Given information>
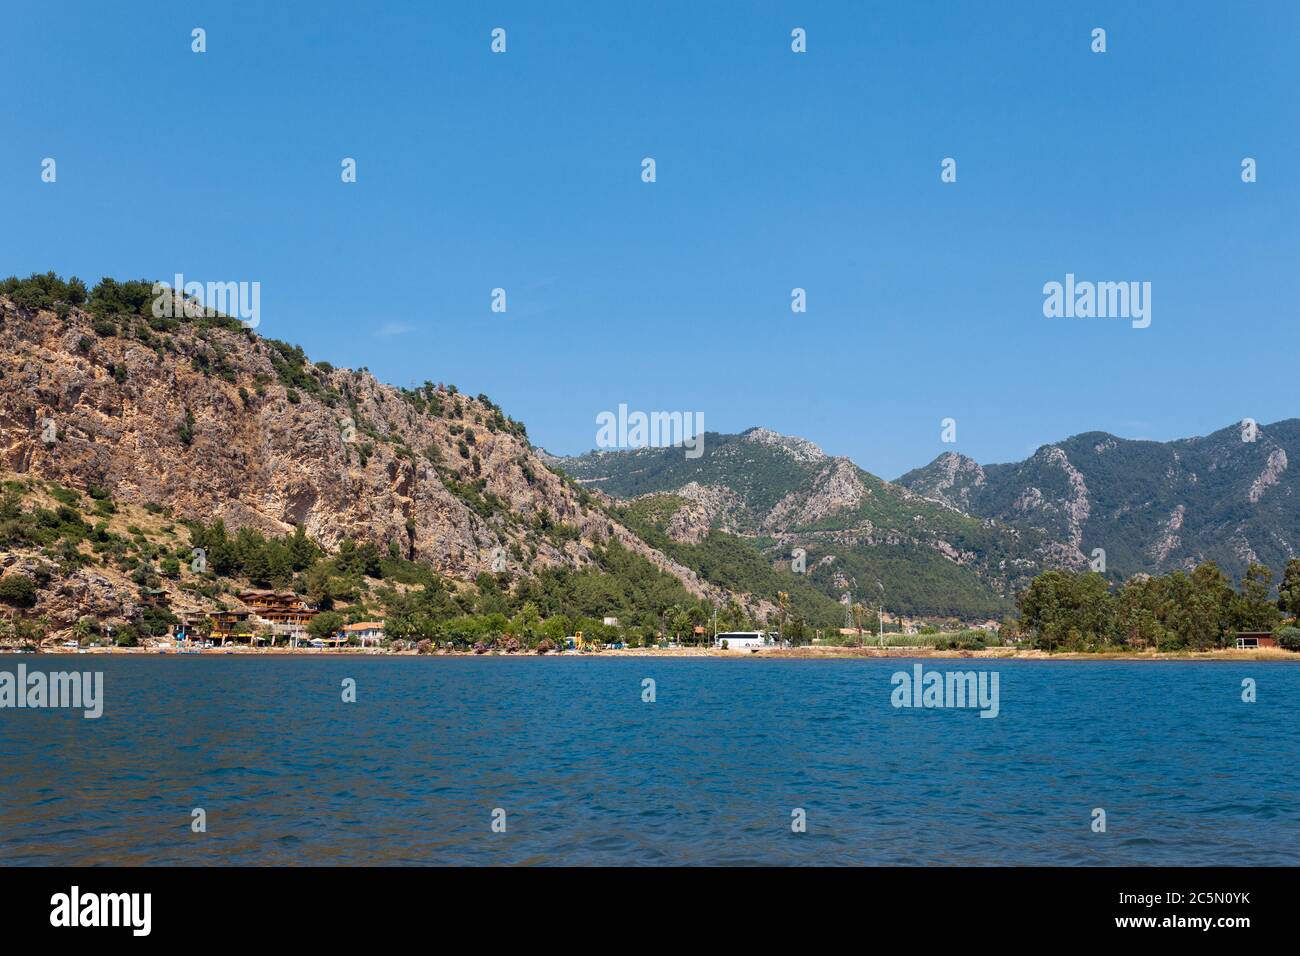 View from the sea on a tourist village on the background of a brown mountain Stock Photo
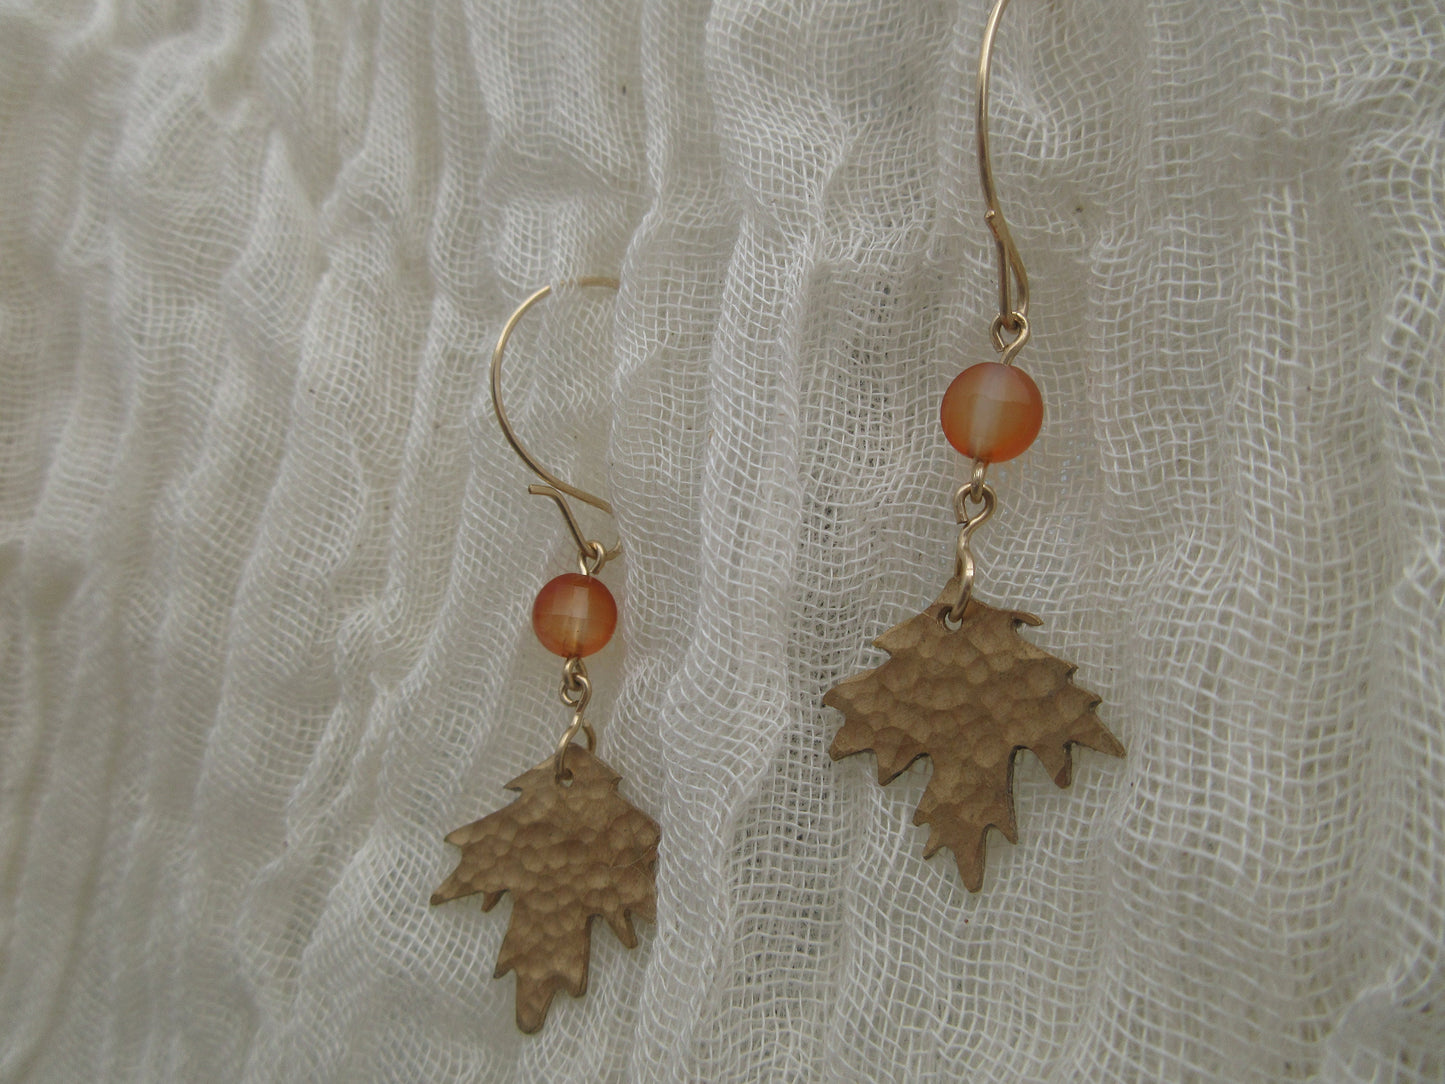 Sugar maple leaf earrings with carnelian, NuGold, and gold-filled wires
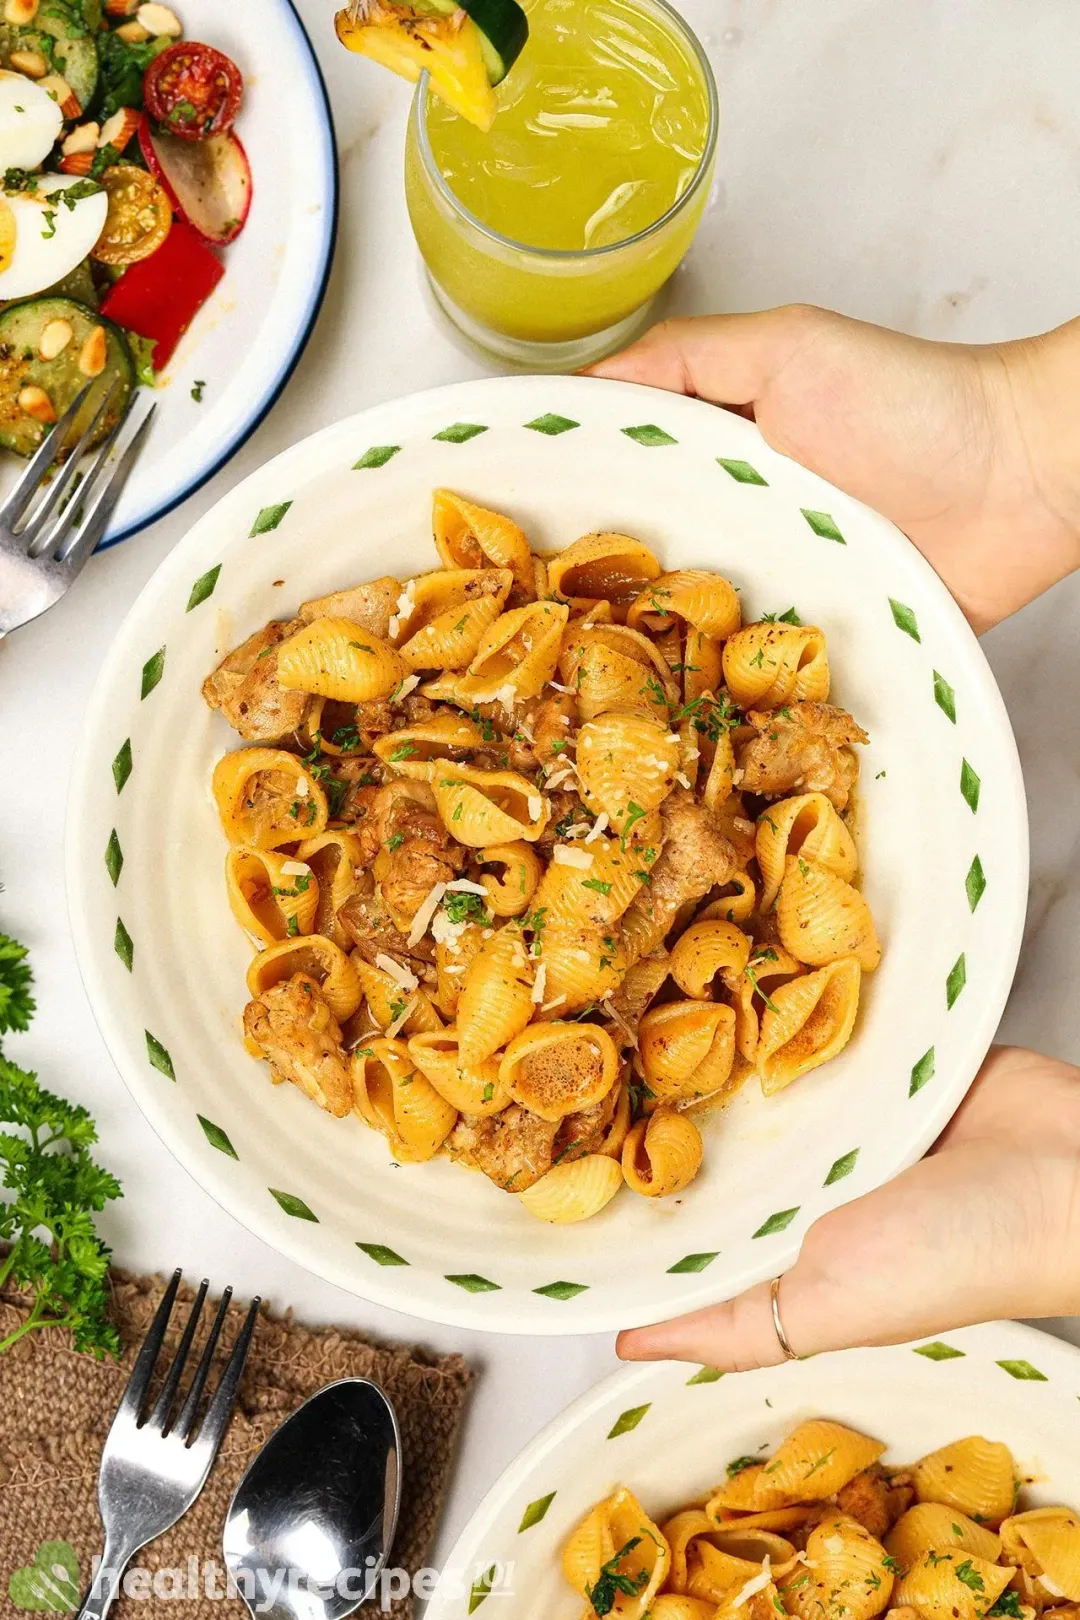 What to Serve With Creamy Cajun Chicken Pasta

What you need to do> When you retype the data above, match every line exactly and leave the pictures behind.

Answer box>
 View from the sea on a tourist village on the background of a brown mountain Stock Photo
 Sugar maple leaf earrings with carnelian, NuGold, and gold-filled wires
 What to Serve With Creamy Cajun Chicken Pasta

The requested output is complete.